Mexican government to use church atriums for gun surrender program to combat violence

The atriums of Mexican Catholic churches will be used for the voluntary surrender of weapons in exchange for economic and legal incentives as part of a plan announced on Tuesday by the government to reduce violence.

According to the Mexican government, there is a link between the illegal trafficking of weapons—almost entirely coming from the United States—and the spiral of criminal violence that has plagued the country since late 2006, when a controversial military anti-drug offensive was launched.

“The idea is to set up areas in the church atriums where people can voluntarily surrender their weapons, and in return, they will receive financial resources based on the weapon they are turning in,” explained President Claudia Sheinbaum during her regular press conference.

The left-wing leader emphasized that the program, called “Yes to Disarmament, Yes to Peace,” guarantees that those who surrender their weapons will not face any “investigation.”

“What we want is to disarm. This will be implemented next year.

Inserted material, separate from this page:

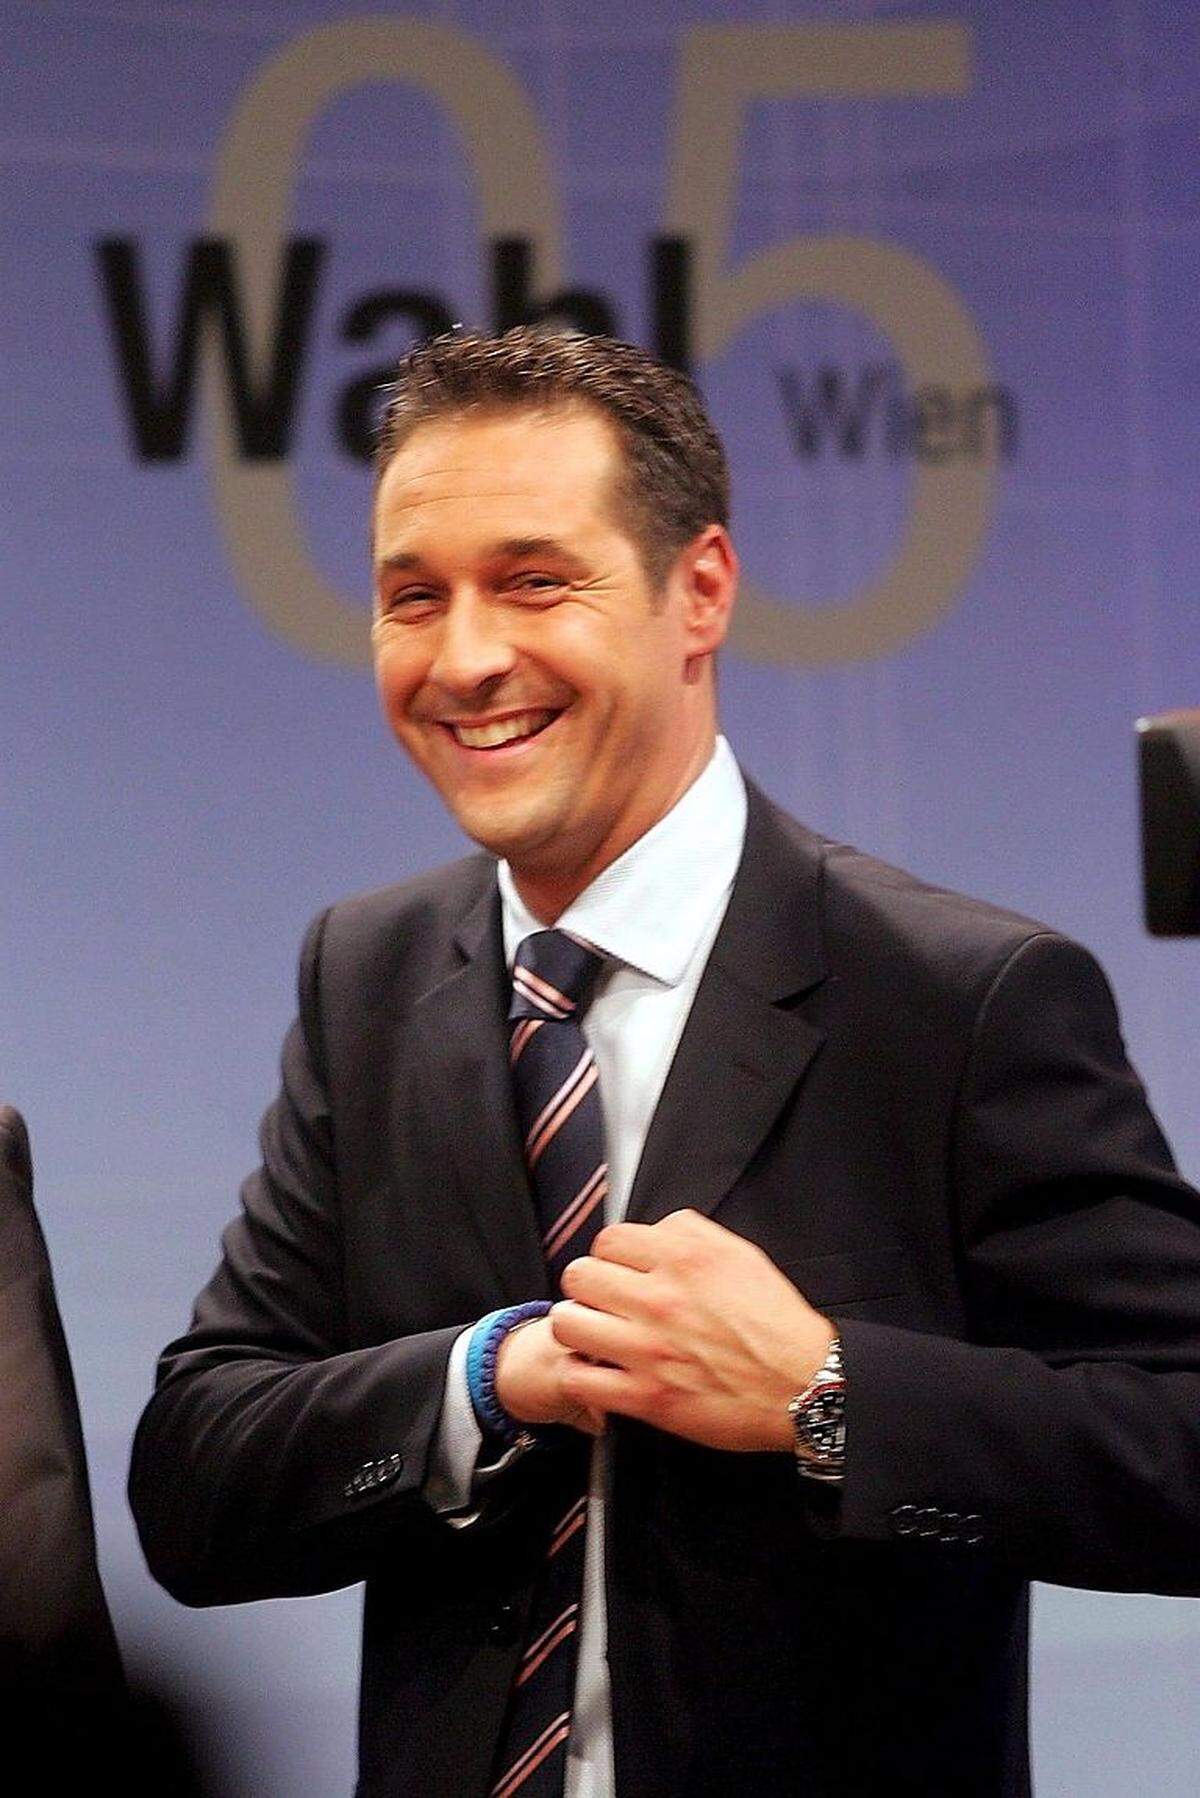 Am 4. April 2005 beschloss die freiheitliche Spitze, sich abzuspalten. Man taufte sich „Bündnis Zukunft Österreich“" (BZÖ) und wechselte farblich zu Orange. In der Koalition mit der ÖVP gab es einen fliegenden Wechsel: Aus Schwarz-Blau wurde Schwarz-Orange, da die FP-Regierungsmannschaft zum BZÖ übertrat. Haider wurde zum Vorsitzenden der neuen Partei gewählt. Die „alte“ FPÖ kürte indes am 23. April 2005 Heinz-Christian Strache (Bild) zum neuen Parteiobmann.

We also did it in Mexico City, and it had significant results,” added the former mayor of the capital, with a population of 9.2 million.

The disarmament plan is part of the government’s “comprehensive security strategy,” one of whose pillars is promoting a culture of peace, especially in regions severely affected by organized crime violence, Sheinbaum pointed out.

More than 450,000 people have been murdered in Mexico since the government launched its military-led anti-drug operation, alongside about 100,000 people who have gone missing.

Despite being a secular state, the Mexican Catholic Church has played a key role in efforts to contain violence, with priests acting as mediators between citizens and criminals. Several clergy members have been killed for this cause.

Just last week, the Catholic hierarchy called on cartels to declare a truce in their violent actions during the celebration of the Virgin of Guadalupe on December 12 and the upcoming Christmas holidays.